Probably the most iconic post-apocalyptic fiction to my mind is the Road Warrior, a film I watched as part of a high school film class. Ah, good times. A bleak desert wastelands, gangs of raiders, and a combination of the technological and the primitive. And a bunch of weird outfits you'd only ever see from an eighties movie. Mad Max was just bad, in my opinion, and Thunderdome 's best feature is "Two Men Enter, One Man Leaves." And the knife in the flyswatter, of course.

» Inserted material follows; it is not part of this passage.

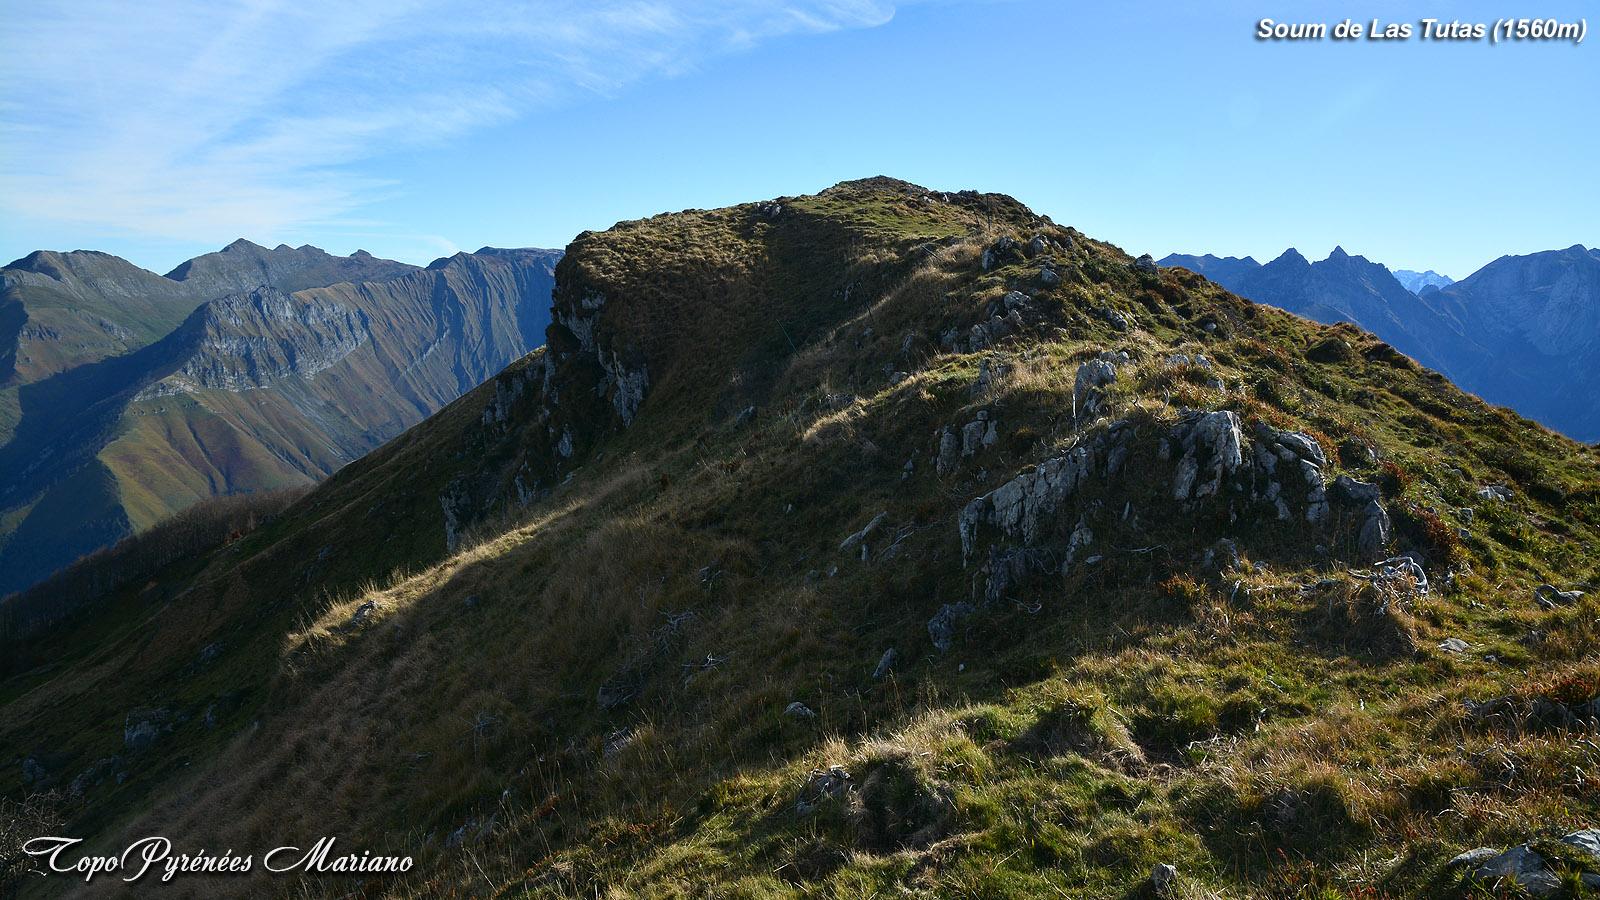 Randonnée Soum de las Tutas (1560m) en boucle par le layens (1625m)
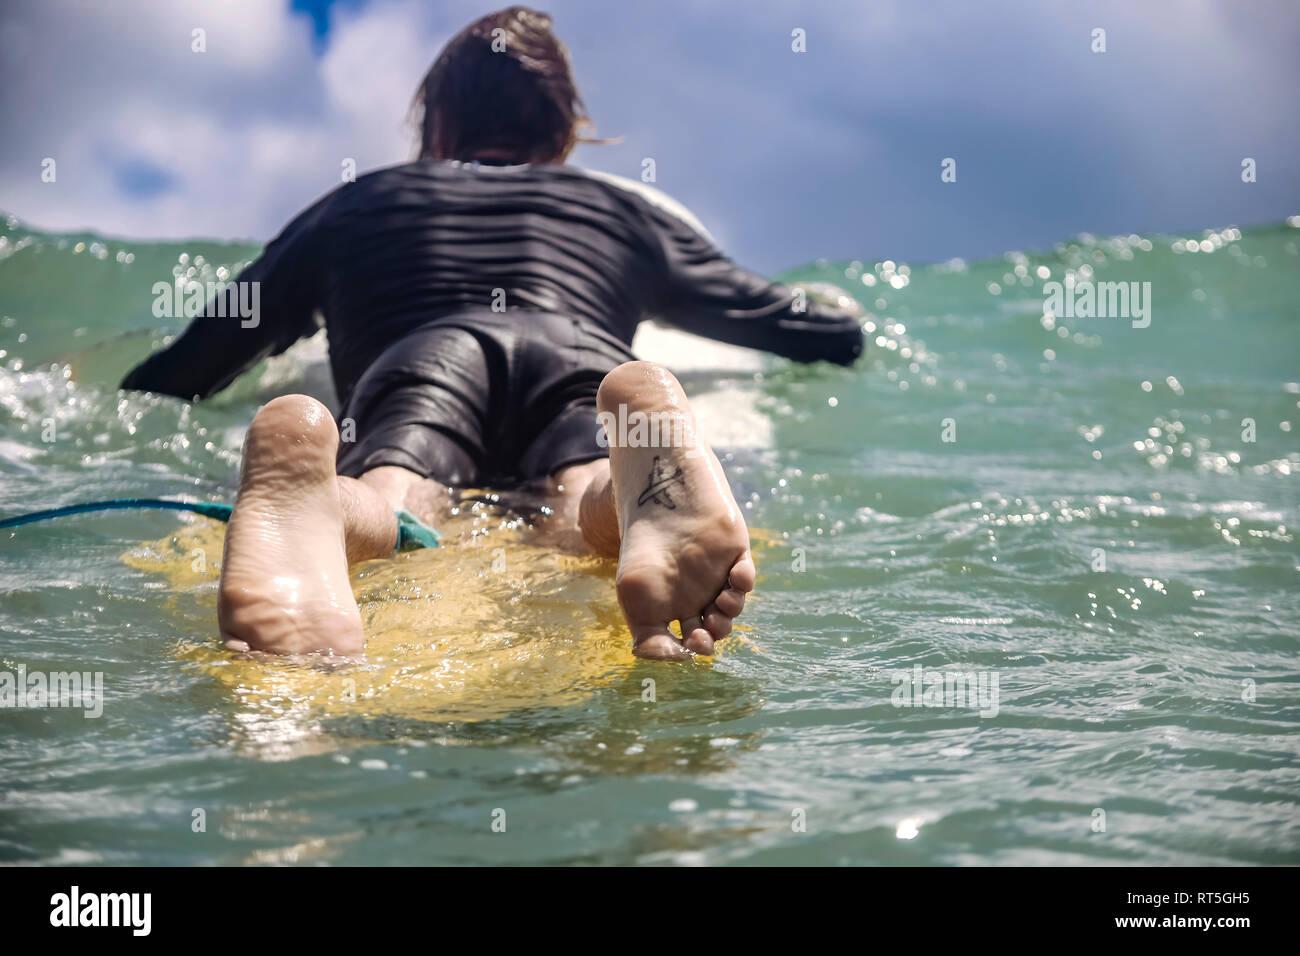 Indonesien, Bali, Kuta, Surfer liegen auf Surfbrett, Tattoo auf der Fußsohle Stockfoto

But there's more than Mad Max. There's the Fallout series of PC games. And who could forget Waterworld (never have the amnesiacs been so blessed)? The Road? The Book of Eli (was anyone else hoping it WASN'T the Bible, just for a change of pace)? And then we have the whole gamut of works that combine the post-apocalyptic with terrible dystopia. Even the Matrix could be argued to be post-apocalyptic, even though it's way more about cool guys with slowmo gun fights than the downfall of society.

The genre is about far more than just having the excuse for savage violence, however. In fact, interestingly, it seems that whenever more critically respected writers, i.e. those outside "genre fiction" venture into the far more interesting branches of writer-created reality, they almost invariably gravitate towards the post-apocalyptic (Handmaid's Tale, anyone?). I'm not entirely certain as to why, but I can take a few guesses.

More traditional science fiction is about the future, and mankind's hopes and dreams (it's also about gratuitous space battles). The post-apocalyptic and dystopian subgenres are more about the fears and nightmares of mankind. It's kind of hard to write a happy post-apocalyptic story, since even if your characters end up happy, that happiness is built on the bodies of millions. And preying on the negative is certainly the easier, more common choice in the world; it's certainly seen as a more mature topic.

And the dystopian genre already has what most would consider to be definitive works of the genre. Post-apocalypse? Not so much. World-building is also much easier in post-apocalyptic, since you don't need to create any kind of functioning society. Instead, all you need to do is mess society up until it stops working.

The creator of the post apoc story, unless it's a particularly important plot point, will generally pick the most likely method of apocalypse. In other words, whatever we fear at the given point in time. Nuclear war doesn't seem a very likely way to go out these days, so instead we use pollution, mass resource shortages, whatever.

Speaking of fear, the popularity of the post apoc genre seems to see surges in times of uncertainty, in the wake of crises of all kinds. I don't know if it's because the times make the idea of the apocalypse seem more plausible and likely, or because maybe because we want the reassurance that someone's going to survive it.